Data segment:
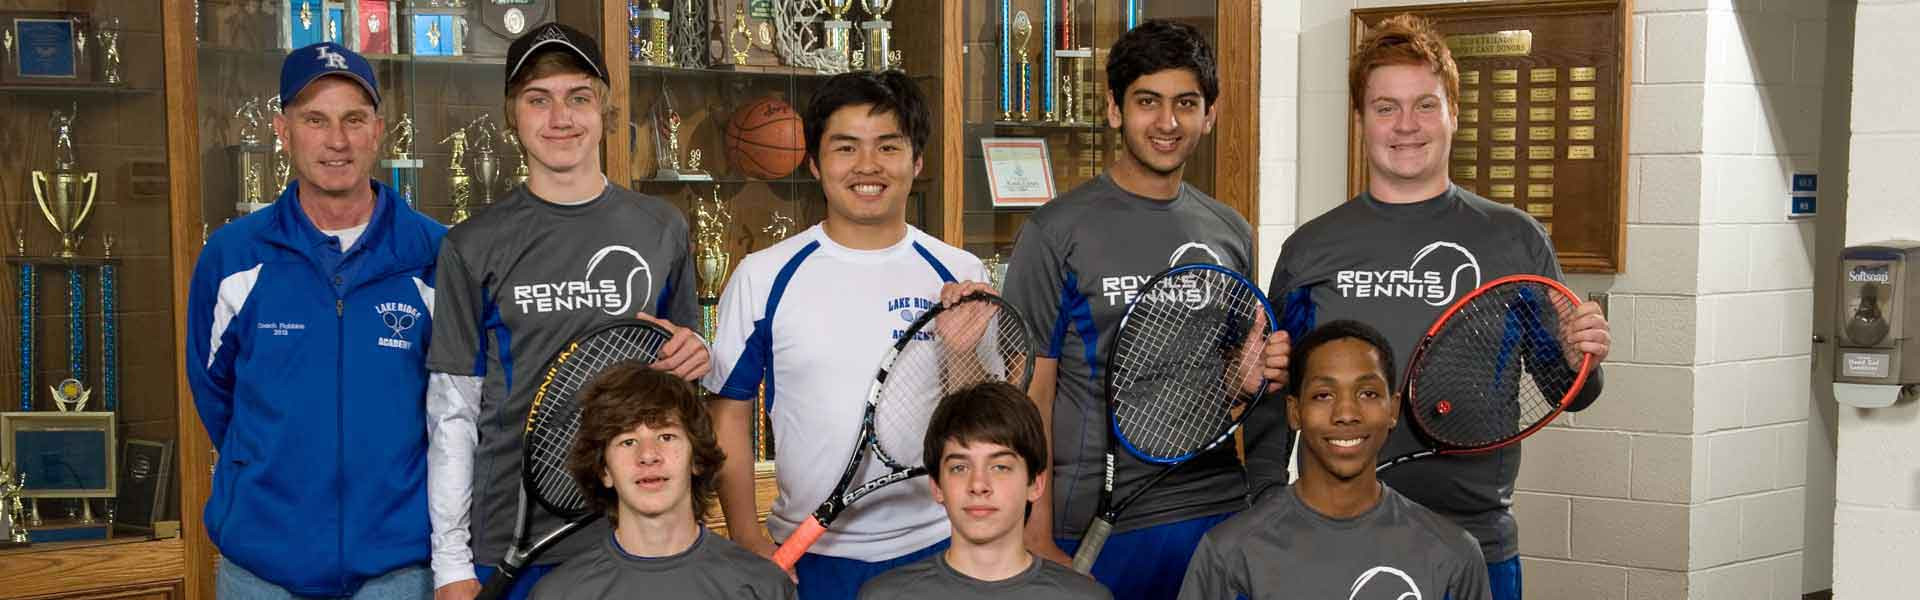 LakeRidge-Highschool-OH-Tennis-MAin-BAnner
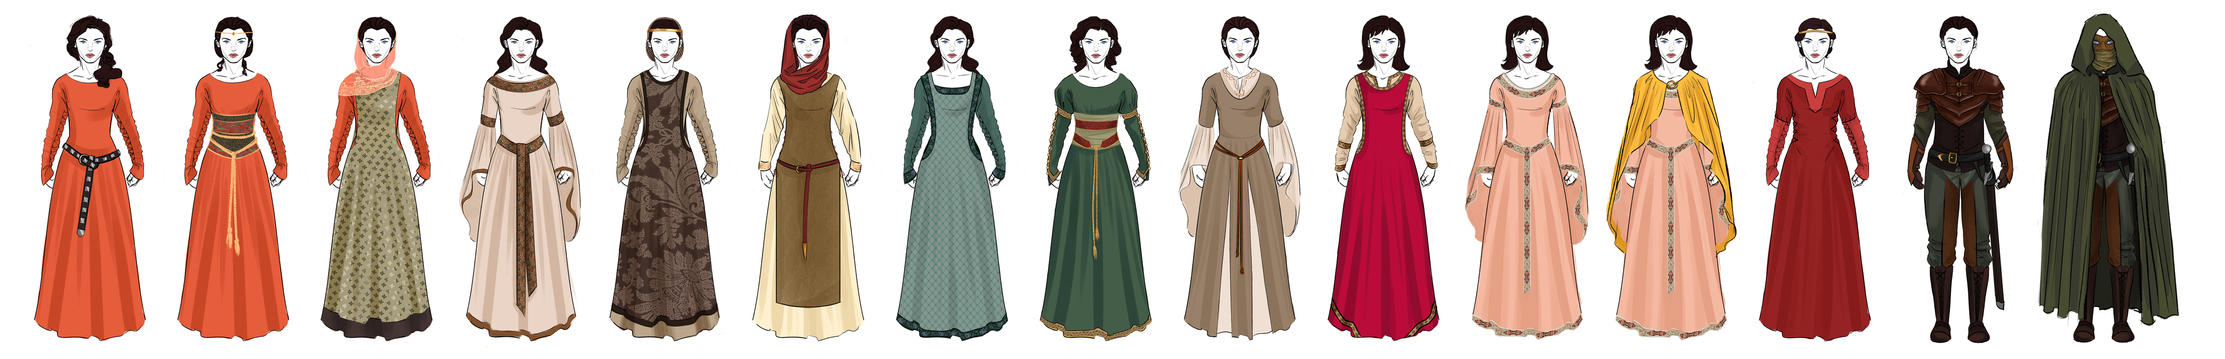 S1 Marian Redesigns - BBC Robin Hood by OtakuGirl16
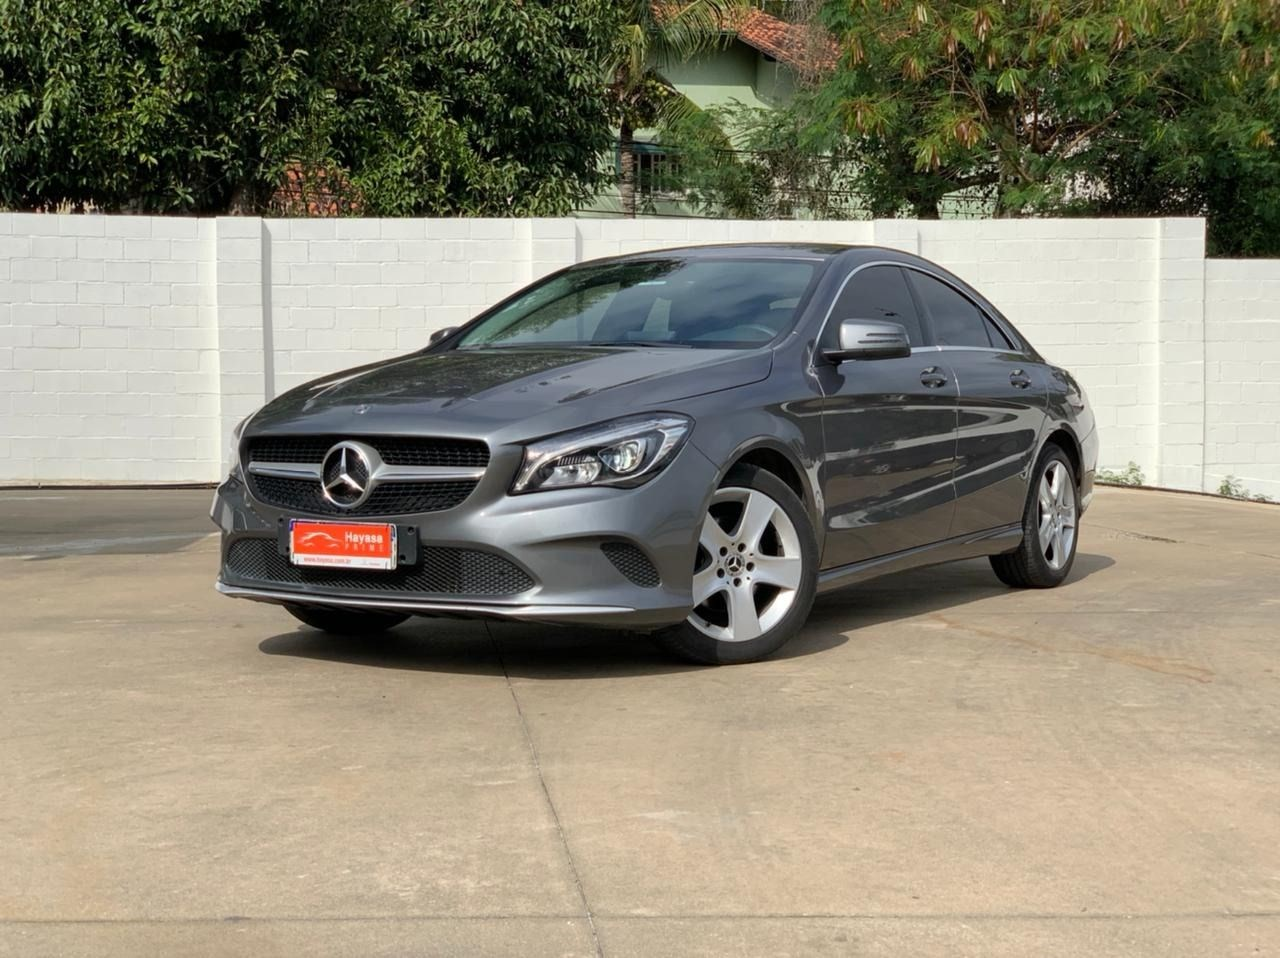 //www.autoline.com.br/carro/mercedes-benz/c-180-16-coupe-avantgarde-16v-gasolina-2p-turbo-aut/2018/niteroi-rj/15066466

Work item:
Images are not wanted in the copy. Please print the material above exactly.

Output for this exercise:
 LakeRidge-Highschool-OH-Tennis-MAin-BAnner
 S1 Marian Redesigns - BBC Robin Hood by OtakuGirl16
 //www.autoline.com.br/carro/mercedes-benz/c-180-16-coupe-avantgarde-16v-gasolina-2p-turbo-aut/2018/niteroi-rj/15066466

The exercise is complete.